The Pakistan Stock Exchange (PSX) closed the week ending October 25, 2025, in the red, with the benchmark KSE-100 Index shedding 502 points or 0.31% week-on-week to settle at 163,304.13 points compared to last week’s 163,806.22. The market spent much of the week fluctuating within a narrow range, reflecting a tug of war between improving macroeconomic indicators and heightened investor caution stemming from regulatory and earnings-related developments.
The week began with optimism as easing geopolitical tensions and Pakistan’s return to a current account surplus of $110 million in September 2025 — reversing a $325 million deficit in August — boosted investor sentiment. However, as the week progressed, selling pressure resurfaced following the National Electric Power Regulatory Authority’s (NEPRA) extensive revisions to K-Electric’s Multi-Year Tariff (MYT) for FY2024–30. The move triggered widespread concern in the energy sector, particularly after K-Electric’s CEO, Syed Moonis Abdullah Alvi, criticized the changes, describing the reductions and modifications as unsustainable for operations.
This regulatory development sparked a sharp sell-off in K-Electric’s shares, which plunged 5.59% during the week, dominating trading volumes with over 109 million shares exchanged. The ensuing uncertainty weighed heavily on investor sentiment, particularly in power, utilities, and banking sectors, as market participants opted for a cautious stance ahead of rollover week.
Adding to the downward pressure, several major companies reported weaker-than-expected quarterly earnings. Kot Addu Power Company Limited (KAPCO) saw its profit plummet 99.6% year-on-year to Rs4.88 million, while Bank Islami Pakistan Limited (BIPL) posted a 50% drop in nine-month earnings to Rs5.07 billion. This wave of disappointing results further dampened market enthusiasm, prompting profit-taking across key index-heavy sectors.
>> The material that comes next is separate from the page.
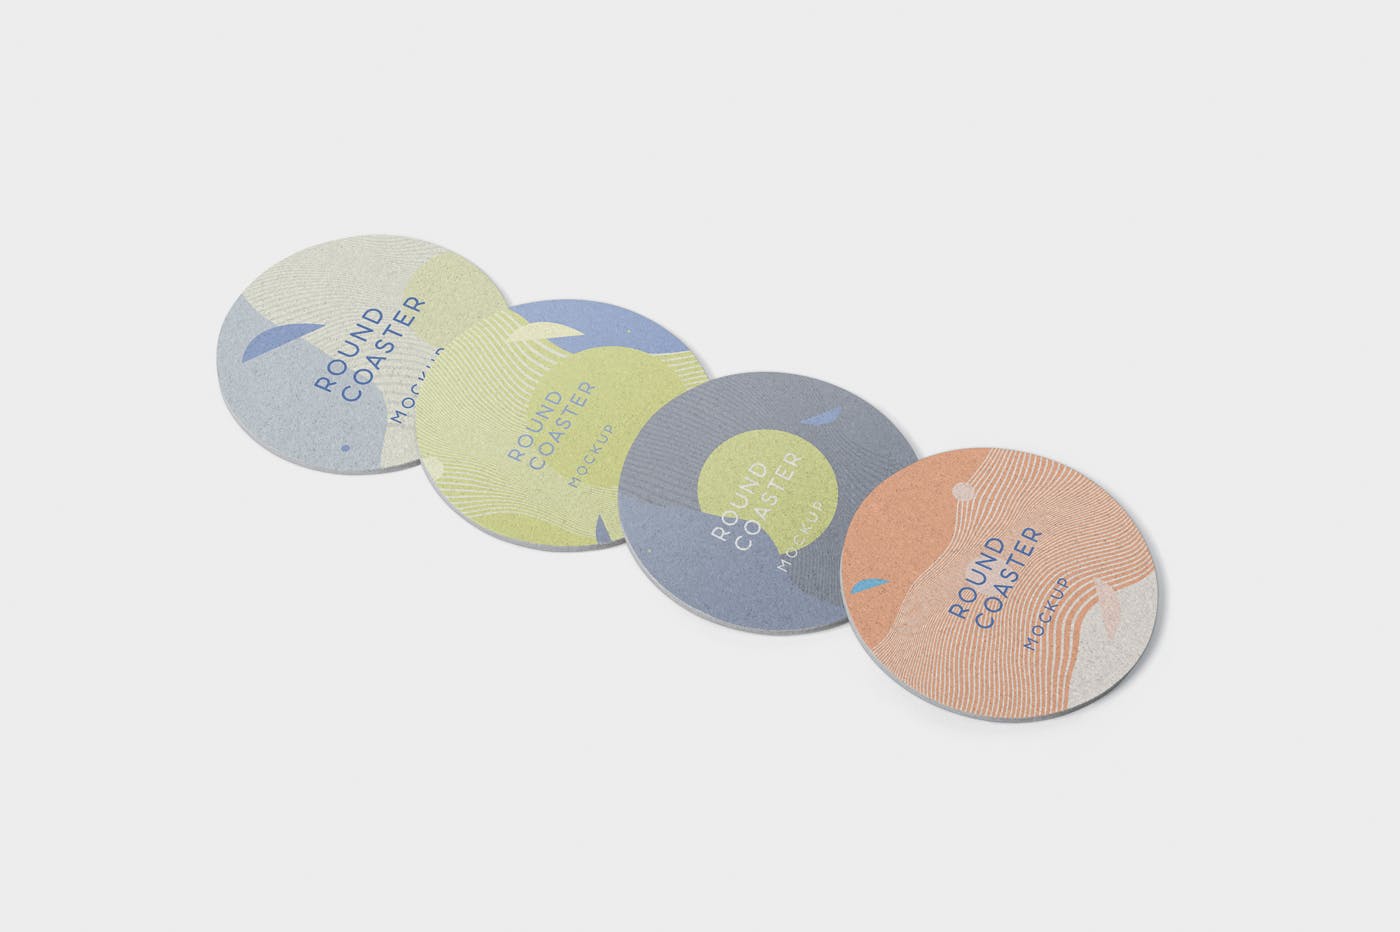 圆形杯垫图案设计效果图16设计网精选 Round Coaster Mock-Up – Medium Size插图(2)

Despite the bearish tone, macroeconomic fundamentals provided a degree of stability. The Real Effective Exchange Rate (REER) appreciated by 1.64% month-on-month to 101.73, signaling improved competitiveness. The Pakistani rupee remained stable, closing at 281.02 against the US dollar, while the State Bank of Pakistan’s (SBP) reserves edged higher to $14.45 billion. Foreign direct investment (FDI) inflows also showed modest improvement, reaching $186 million in September compared to $175 million in August, though first-quarter FY26 inflows were down 34% year-on-year at $569 million.
In terms of market capitalization, the total value of listed companies contracted to Rs4.83 trillion from Rs4.86 trillion a week earlier. In US dollar terms, market capitalization slipped to $17.20 billion, marking a 0.59% decline. The USD-based return turned negative at -0.27%, reversing last week’s positive 0.45%.
Sector-wise, Commercial Banks led the decline, shaving off 502 points from the index amid profit-taking and a weaker earnings outlook. The Power Generation & Distribution sector followed with a 414-point drag, largely driven by K-Electric’s slump. The Cement sector also lost ground, shedding 338 points on expectations of reduced construction activity and fluctuating coal prices.
Conversely, energy-linked counters offered some resilience. Oil & Gas Exploration Companies added 404 points to the index, bolstered by Pakistan Petroleum Limited (PPL) and Oil and Gas Development Company (OGDC), contributing 288 and 240 points respectively. The Oil & Gas Marketing sector added another 56 points, supported by gains in Pakistan State Oil (PSO) and Shell Pakistan.
On the individual performance front, top positive contributors included PPL (+288), OGDC (+240), MCB (+209), HBL (+133), and PSX (+124). The major laggards were BAHL (-404), MEBL (-172), KEL (-164), HUBC (-148), and LUCK (-112).
Foreign investors remained net sellers, offloading $7.09 million worth of equities, led by foreign corporates (-$4.87 million) and overseas Pakistanis (-$2.16 million). Local investors absorbed much of this pressure, with individual investors emerging as net buyers of $12 million, followed by insurance companies (+$2.24 million). However, mutual funds (-$3.7 million), companies (-$2.7 million), and banks (-$0.43 million) remained on the selling side.
Overall, the week highlighted a cautious investor tone as profit-taking, earnings weakness, and regulatory uncertainty offset improving macroeconomic signals. Market observers expect short-term volatility to persist ahead of key corporate announcements and policy developments in the coming weeks.